EDIT: I forgot to add that i tried allocating just the amount of memory that i needed to run the kernel JUST below the large allocation and it run fine. So the problem arises not with the absolute? device memory location but where it is relative to the start of the big allocation if that makes sense.
I am not capable of diagnosing code that I can’t see. I think you might want to control for two mechanisms in your experiments:
(1) Basic interactions with the physical mechanism that make up the memory hierarchy. For this it would be useful to ensure that all pointers involved are aligned to 4KB pages, for example.
(2) Conflicts within the memory hierarchy (caches, TLBs, memory banks) caused by accesses to two different data objects. For this it would be useful to ensure that the difference between pointers 1 and 2 is the same as the difference between pointers 3 and 4. In C++ there is a special type for such pointer differences called ptrdiff_t.
I think there is a high likelihood that you will find that some form of conflict is the root cause of the performance differences. The stated magnitude of the observed performance differences (2x) strongly suggests that. The memory-specific metrics of the CUDA profiler may allow you to pinpoint the specific nature of this conflict, but (for lack of a need of this sort) I have no hands-on experience with that so cannot offer any more specific advice beyond that.
So i think I solved this. Or at least i found out why, depending on the pointer location, the kernel underperforms.
The pointers need to be 256-byte aligned relative to the address returned by cudaMalloc (which i assume is 256-byte aligned as well) to get the expected performance.
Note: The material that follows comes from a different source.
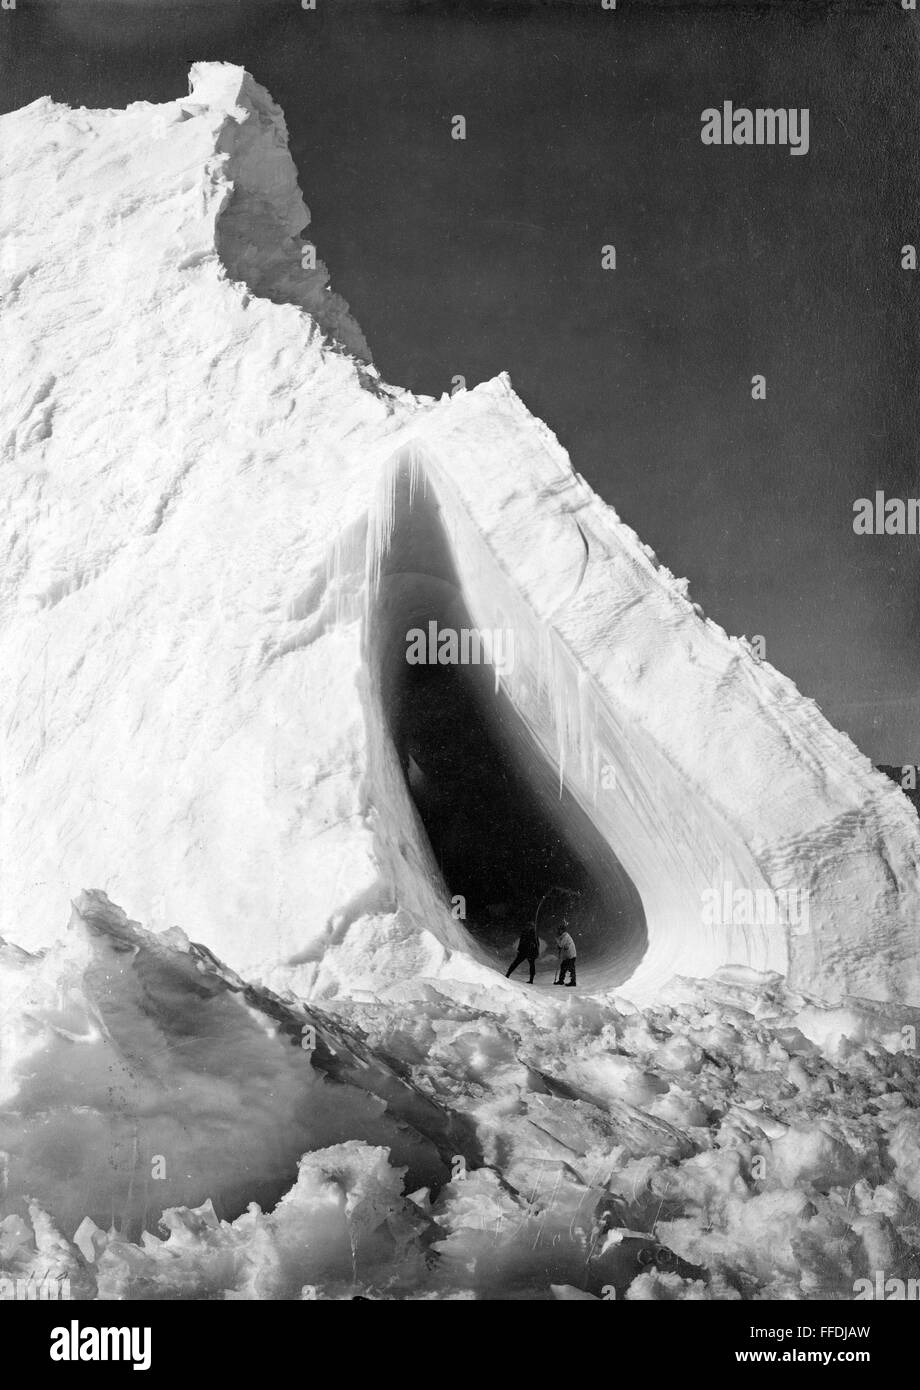 TERRA NOVA EXPEDITION. /nTwo men in the opening of Grotto Iceberg in Antarctica, during Robert Falcon Scott's 'Terra Nova' expedition to the South Pole, 1910-1912. Photograph by Herbert Ponting. Stock Photo

Any ideas why this could be happening?
@njuffa Thank you for pointing me in the right direction with your comments!
“Memory allocated through the CUDA Runtime API, such as via cudaMalloc(), is guaranteed to be aligned to at least 256 bytes. Therefore, choosing sensible thread block sizes, such as multiples of the warp size (i.e., 32 on current GPUs), facilitates memory accesses by warps that are properly aligned.”
256-byte alignment has been a basic preference for memory alignment on GPUs for ages, which is why cudaMalloc() returns memory blocks with that alignment. Also, strictly required for textures, if I recall correctly.
I stopped keeping track of memory transaction sizes across GPU architectures many years ago, but if memory serves transactions sizes have been large (128 bytes, maybe bigger?) in general to make the best use of GDDR memory bandwidth. And presumably those wide transactions need to be naturally aligned for best performance, with non-aligned access being split into parts when they cross alignment boundaries. Sorry to be vague, I really haven’t been paying attention recently; I retired in 2014. Maybe Robert Crovella has deeper insights.